The records below:

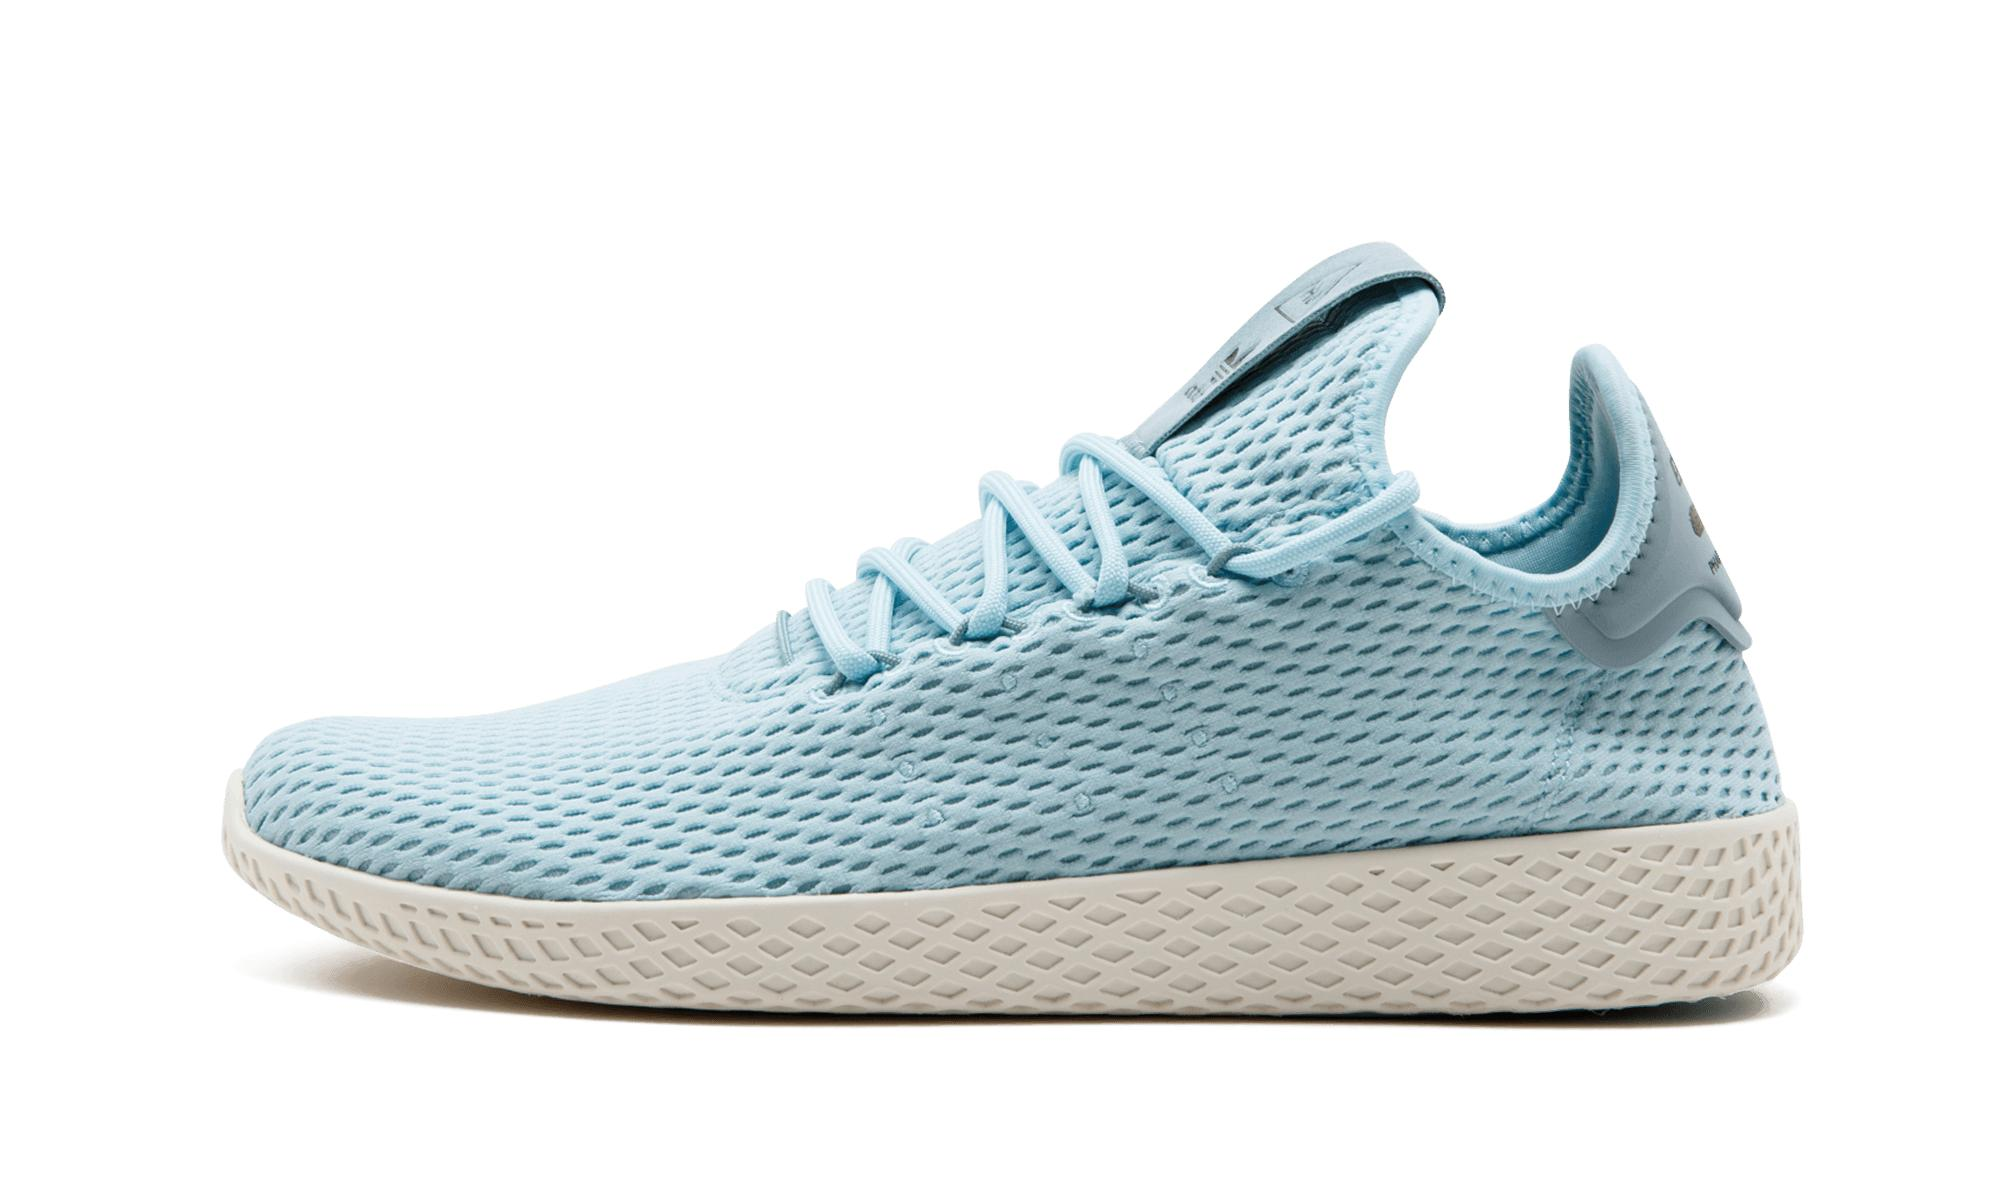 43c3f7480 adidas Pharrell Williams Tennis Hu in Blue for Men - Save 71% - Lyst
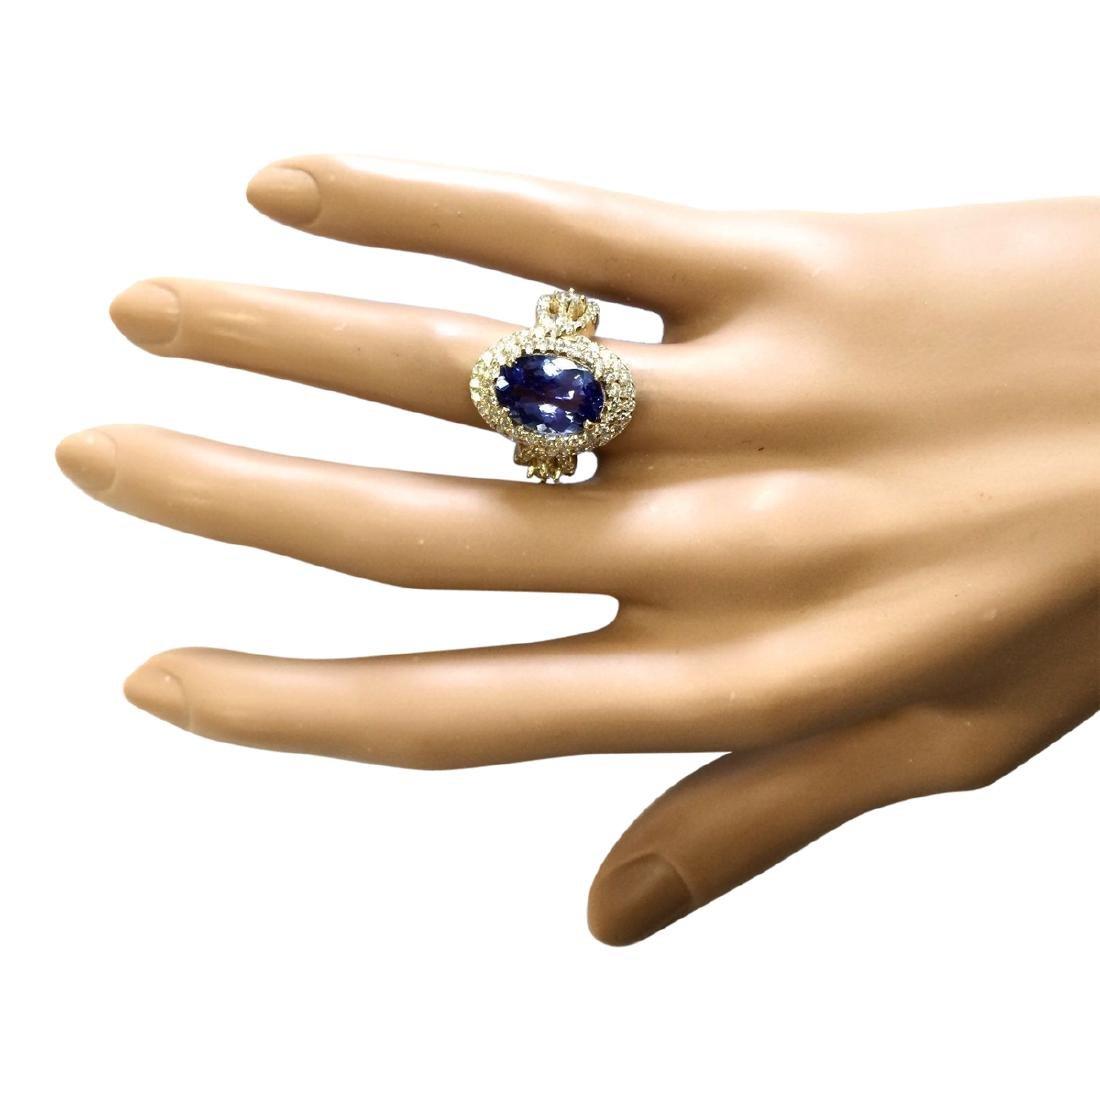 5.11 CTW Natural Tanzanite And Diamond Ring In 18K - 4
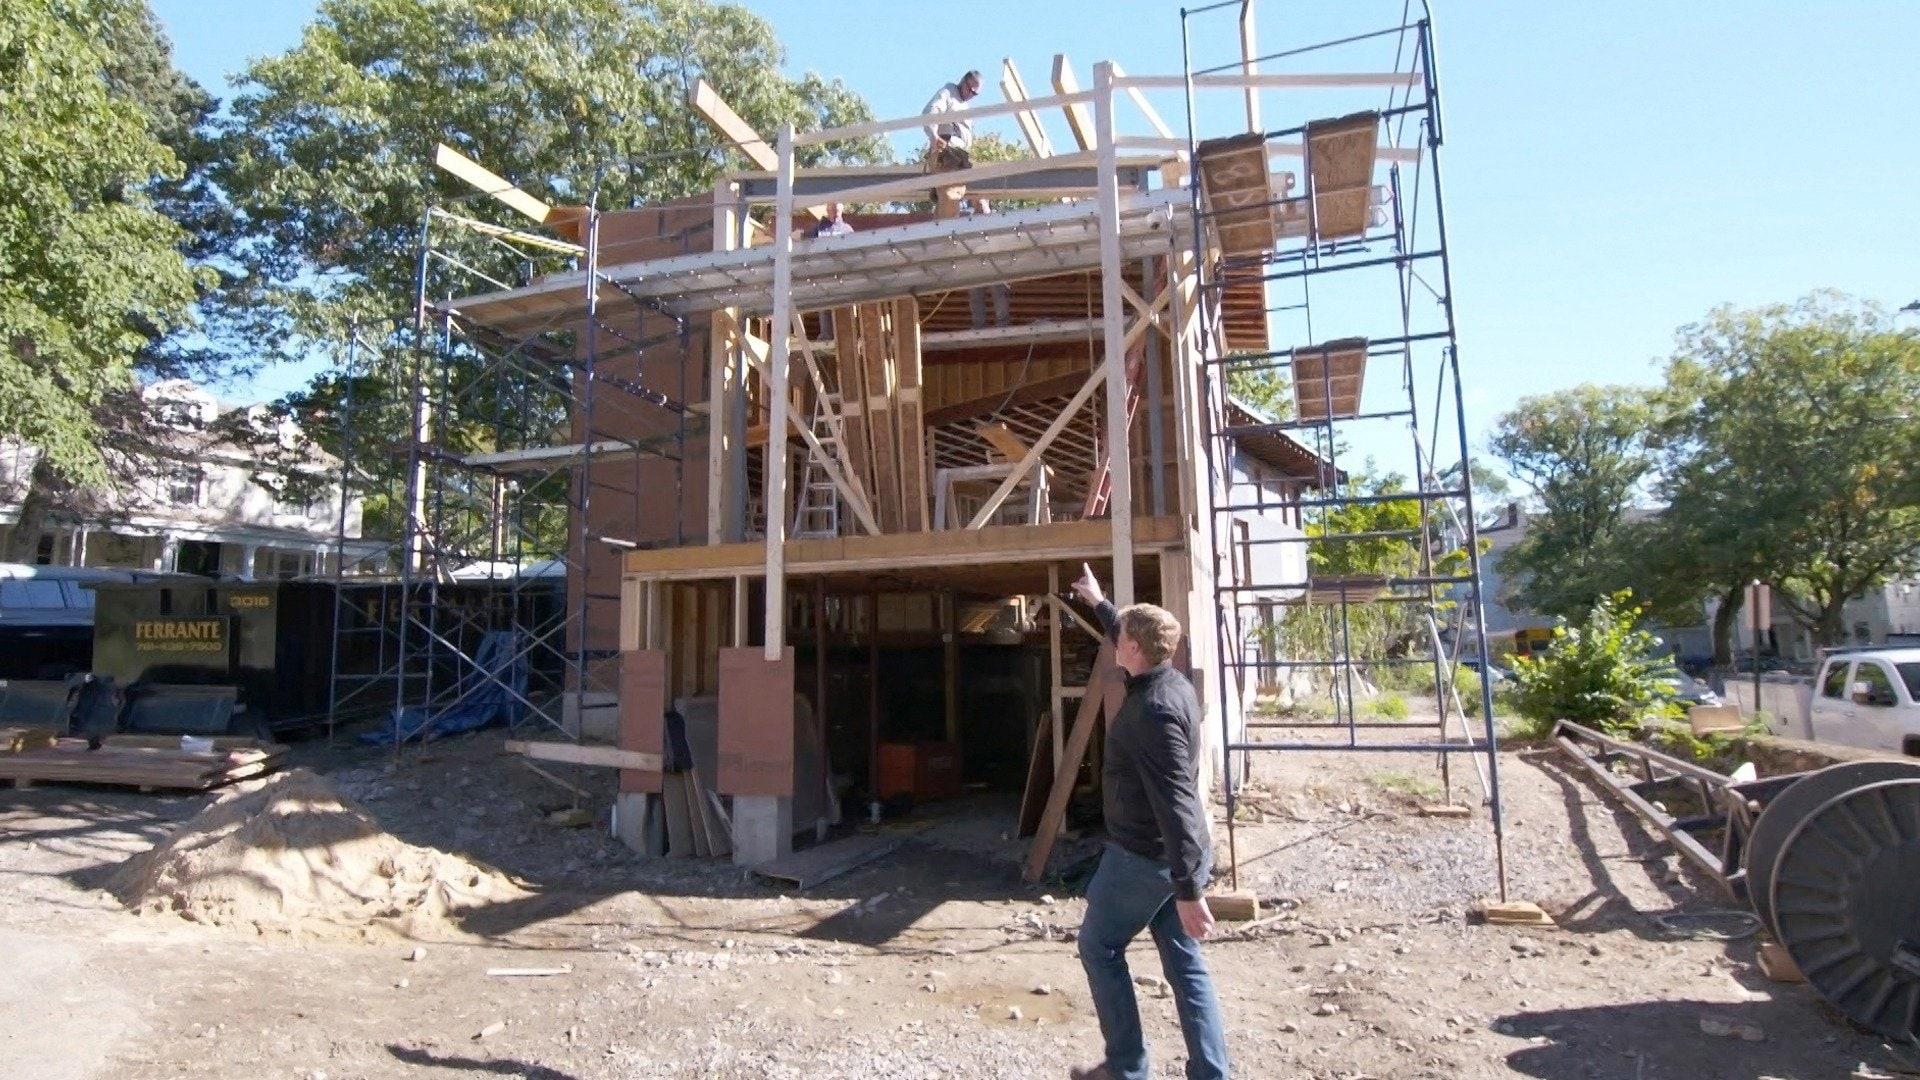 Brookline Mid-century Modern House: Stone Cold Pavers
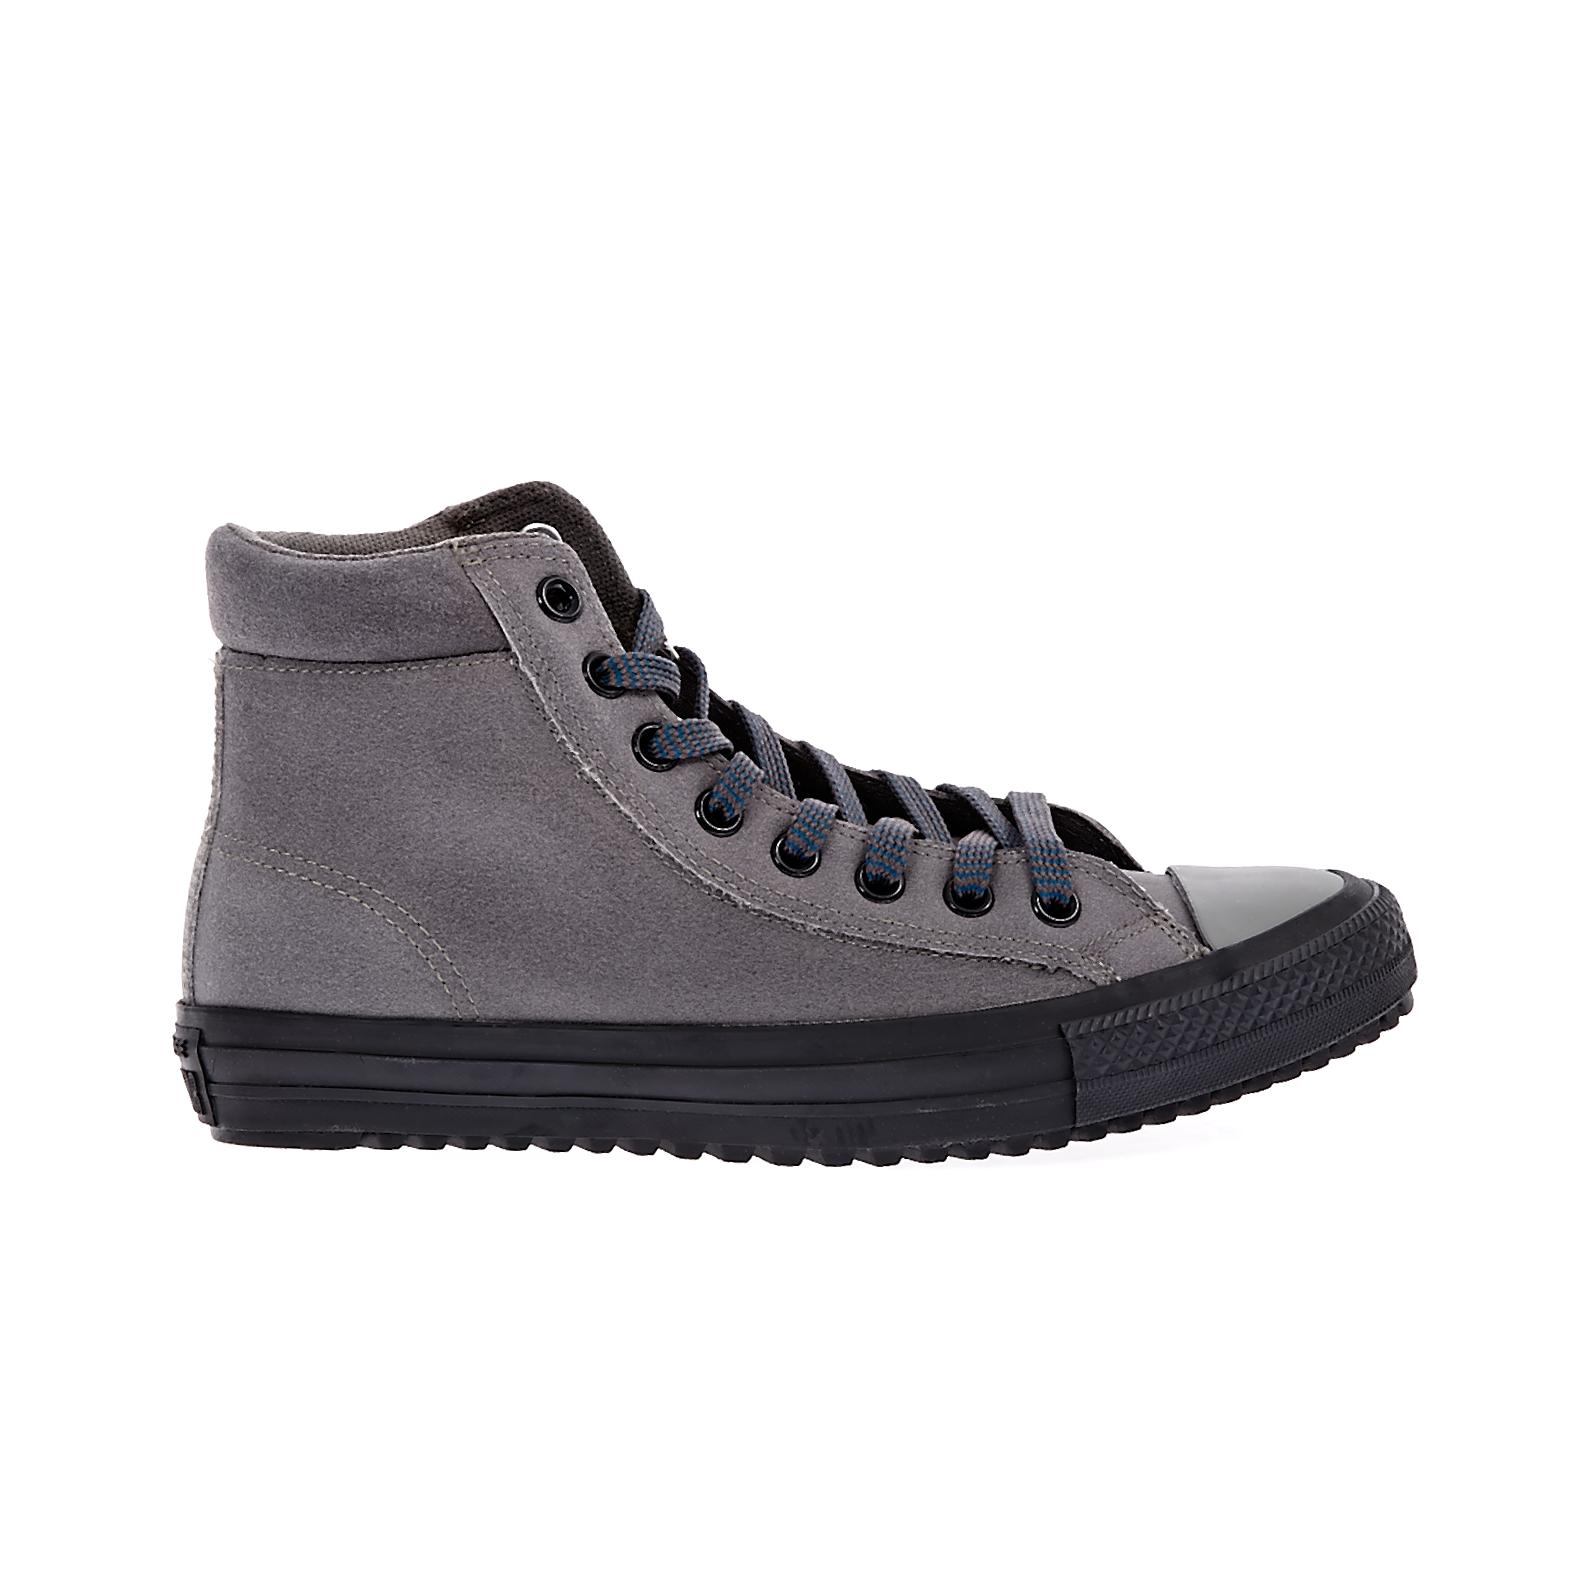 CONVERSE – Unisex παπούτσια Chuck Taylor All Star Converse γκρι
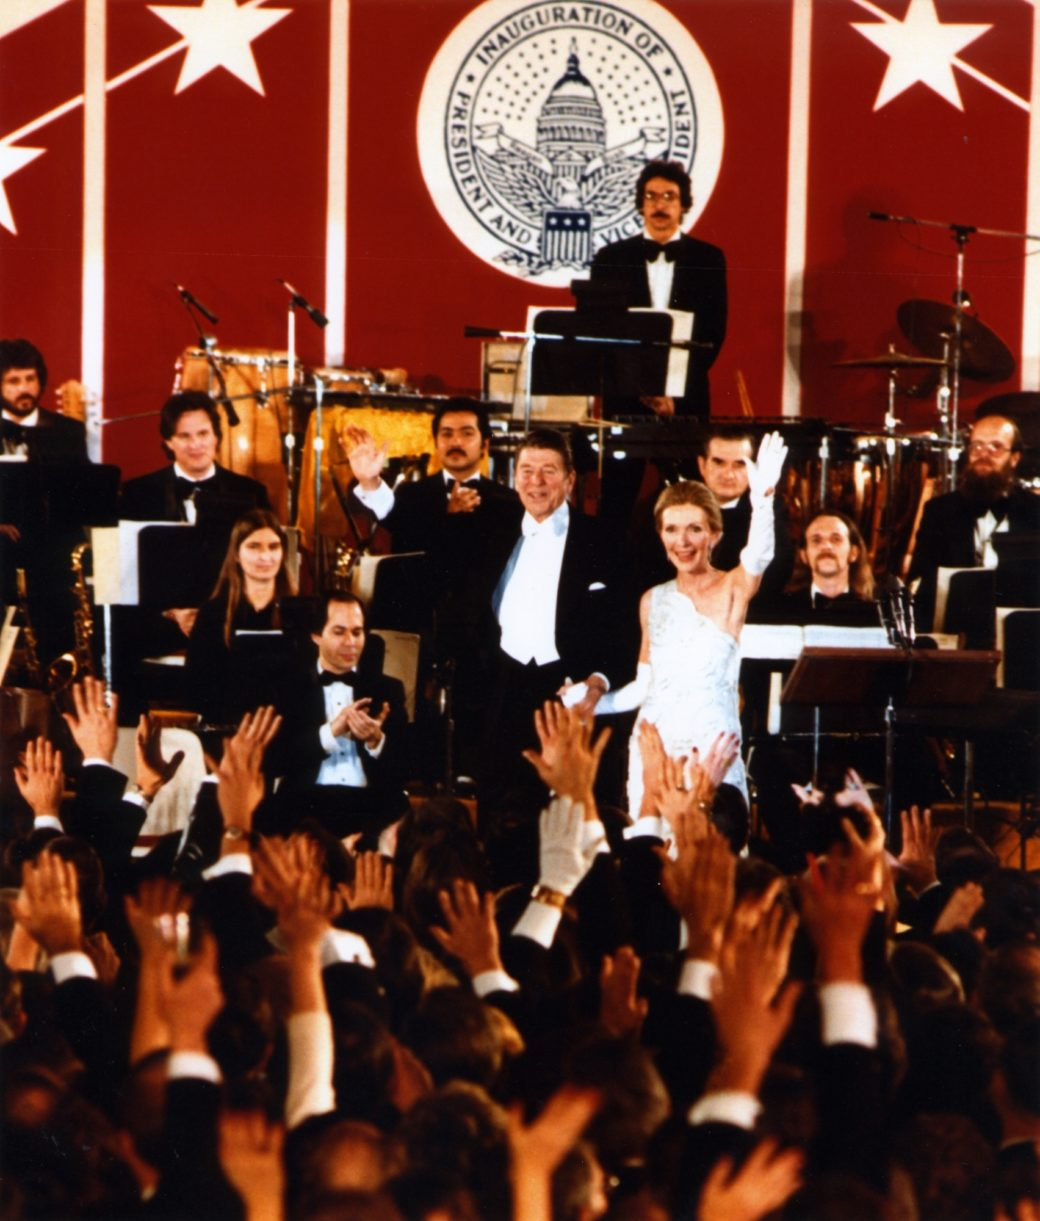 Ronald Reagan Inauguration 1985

End of The records.

→ **Work task**
Faithful copy, images left out: write out every line of data.

→ **Reply to the task**
 43c3f7480 adidas Pharrell Williams Tennis Hu in Blue for Men - Save 71% - Lyst
 5.11 CTW Natural Tanzanite And Diamond Ring In 18K - 4
 Brookline Mid-century Modern House: Stone Cold Pavers
 CONVERSE – Unisex παπούτσια Chuck Taylor All Star Converse γκρι
 Ronald Reagan Inauguration 1985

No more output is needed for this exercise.